§ What to produce: Nothing but the pictures should be dropped; repeat the rest of the data below exactly.

§ Recorded data:
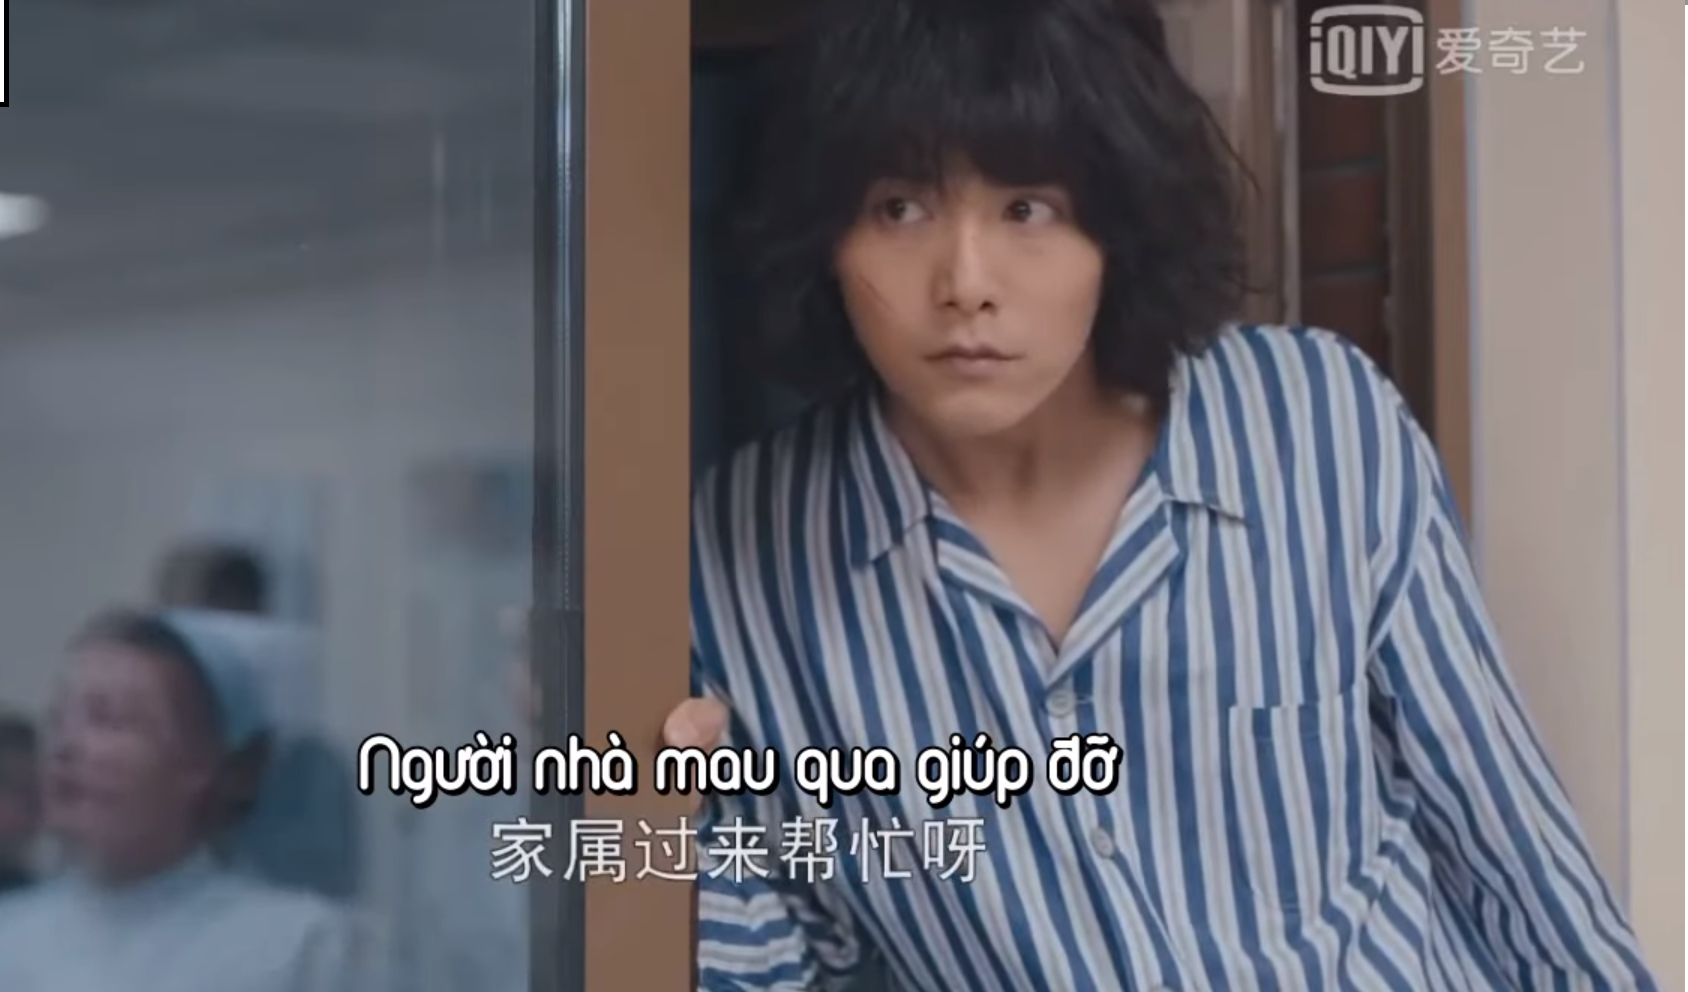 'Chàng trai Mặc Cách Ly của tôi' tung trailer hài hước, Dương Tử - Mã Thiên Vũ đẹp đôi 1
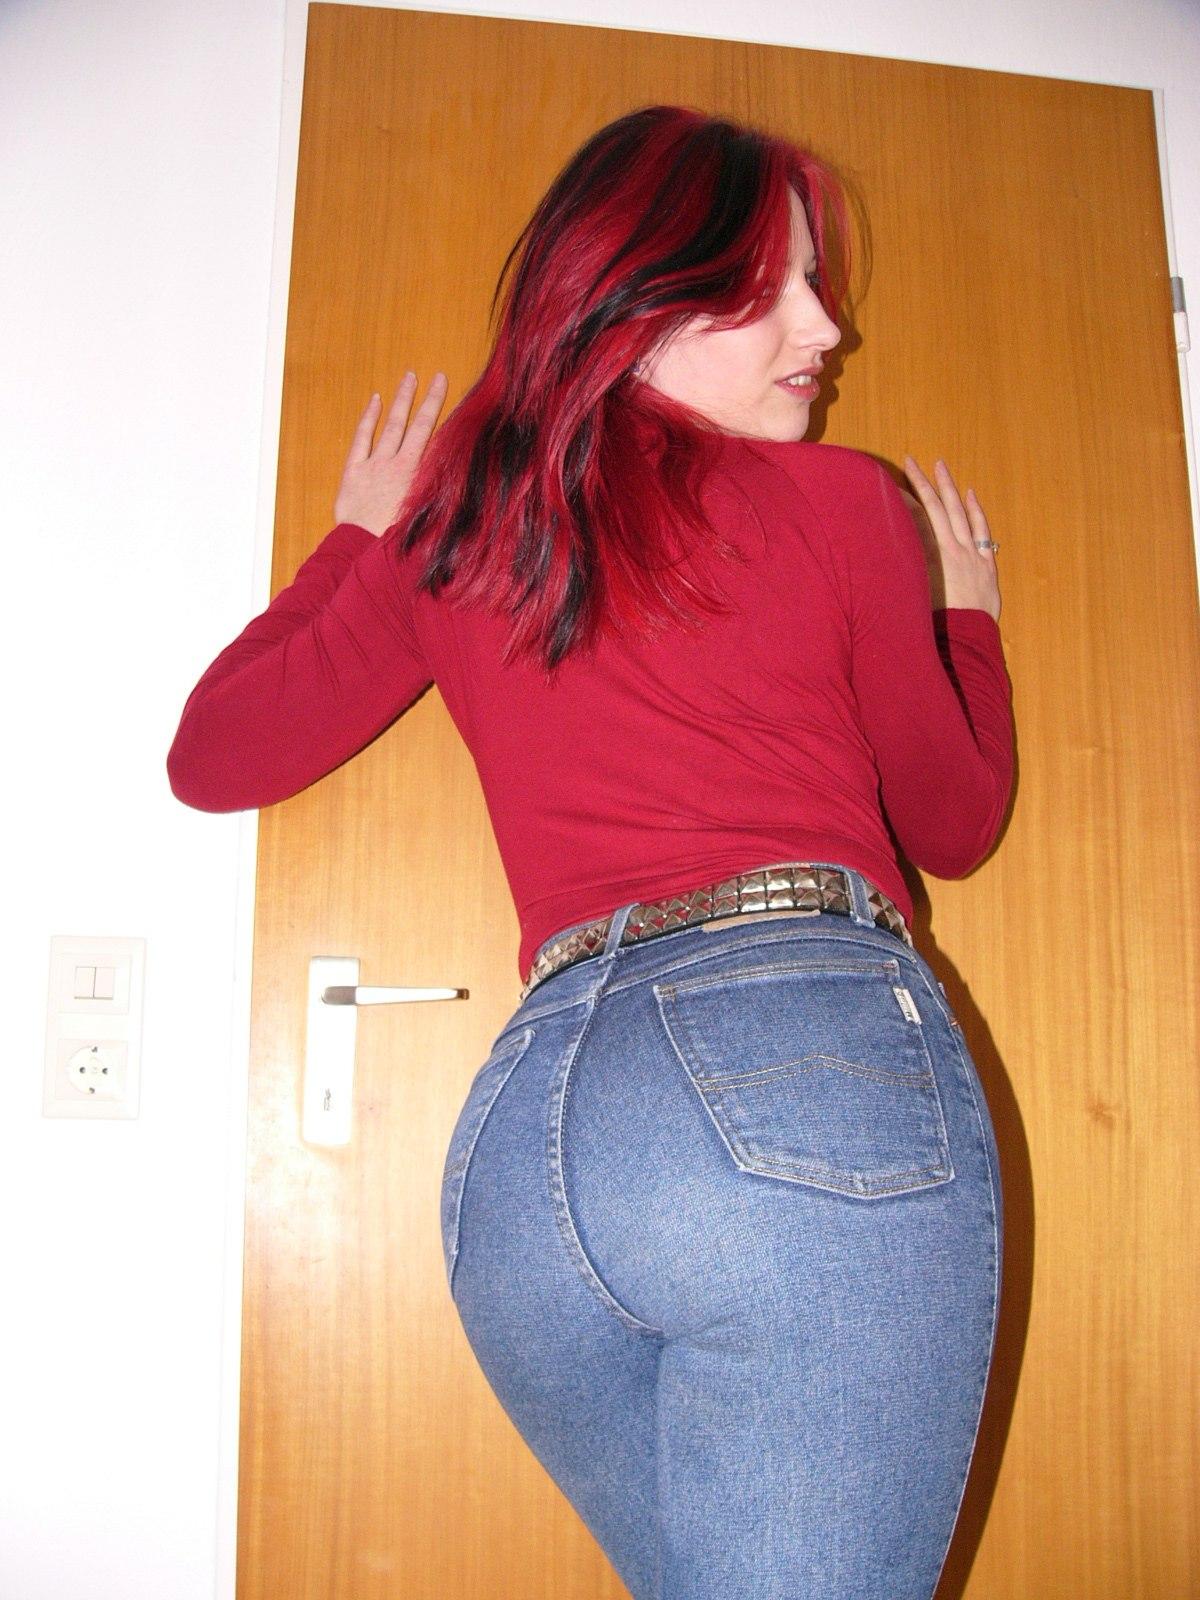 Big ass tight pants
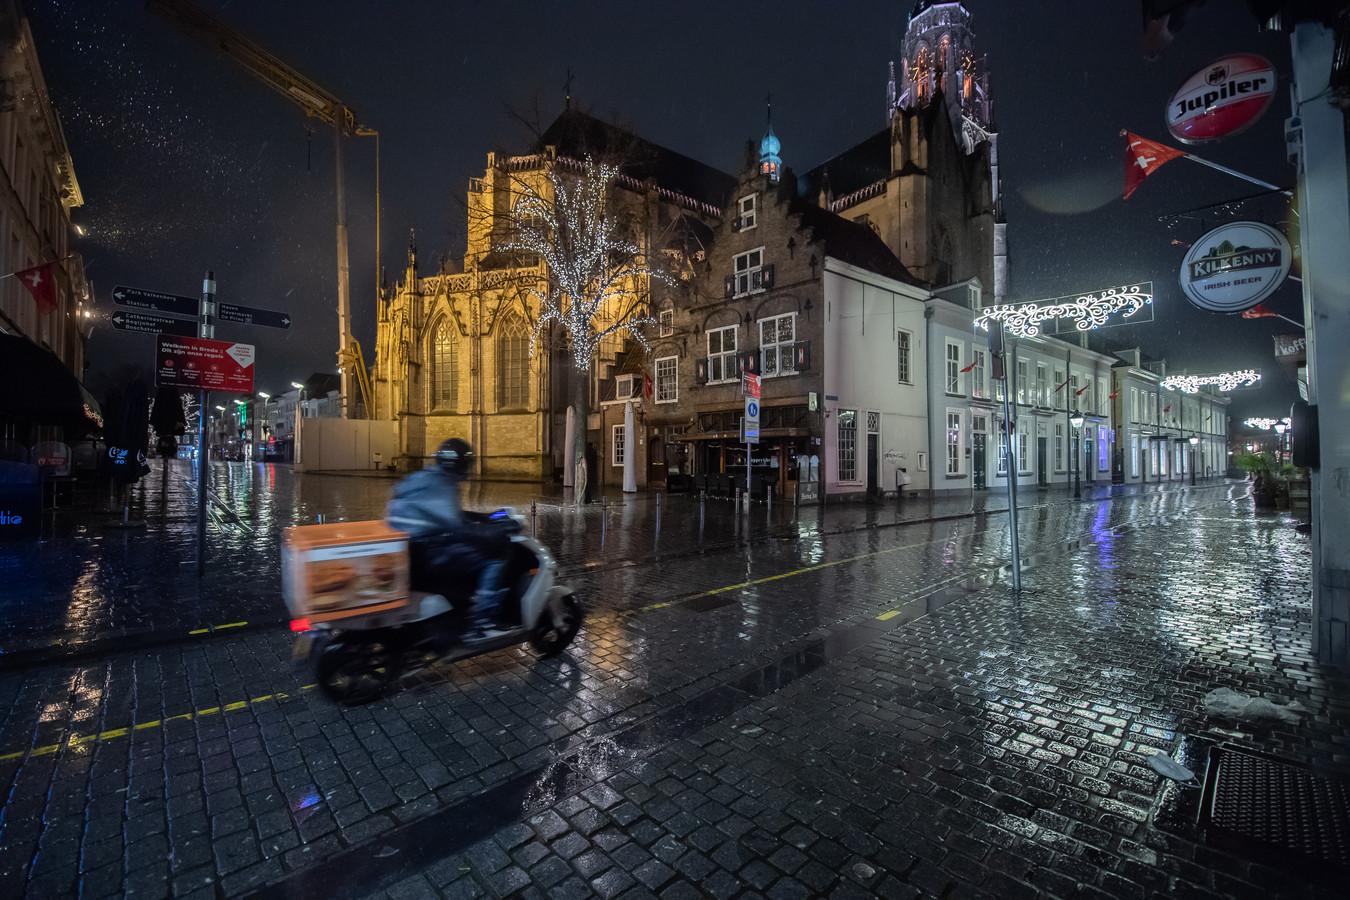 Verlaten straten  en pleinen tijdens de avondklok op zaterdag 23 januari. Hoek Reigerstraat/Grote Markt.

§ Answer space:
 'Chàng trai Mặc Cách Ly của tôi' tung trailer hài hước, Dương Tử - Mã Thiên Vũ đẹp đôi 1
 Big ass tight pants
 Verlaten straten  en pleinen tijdens de avondklok op zaterdag 23 januari. Hoek Reigerstraat/Grote Markt.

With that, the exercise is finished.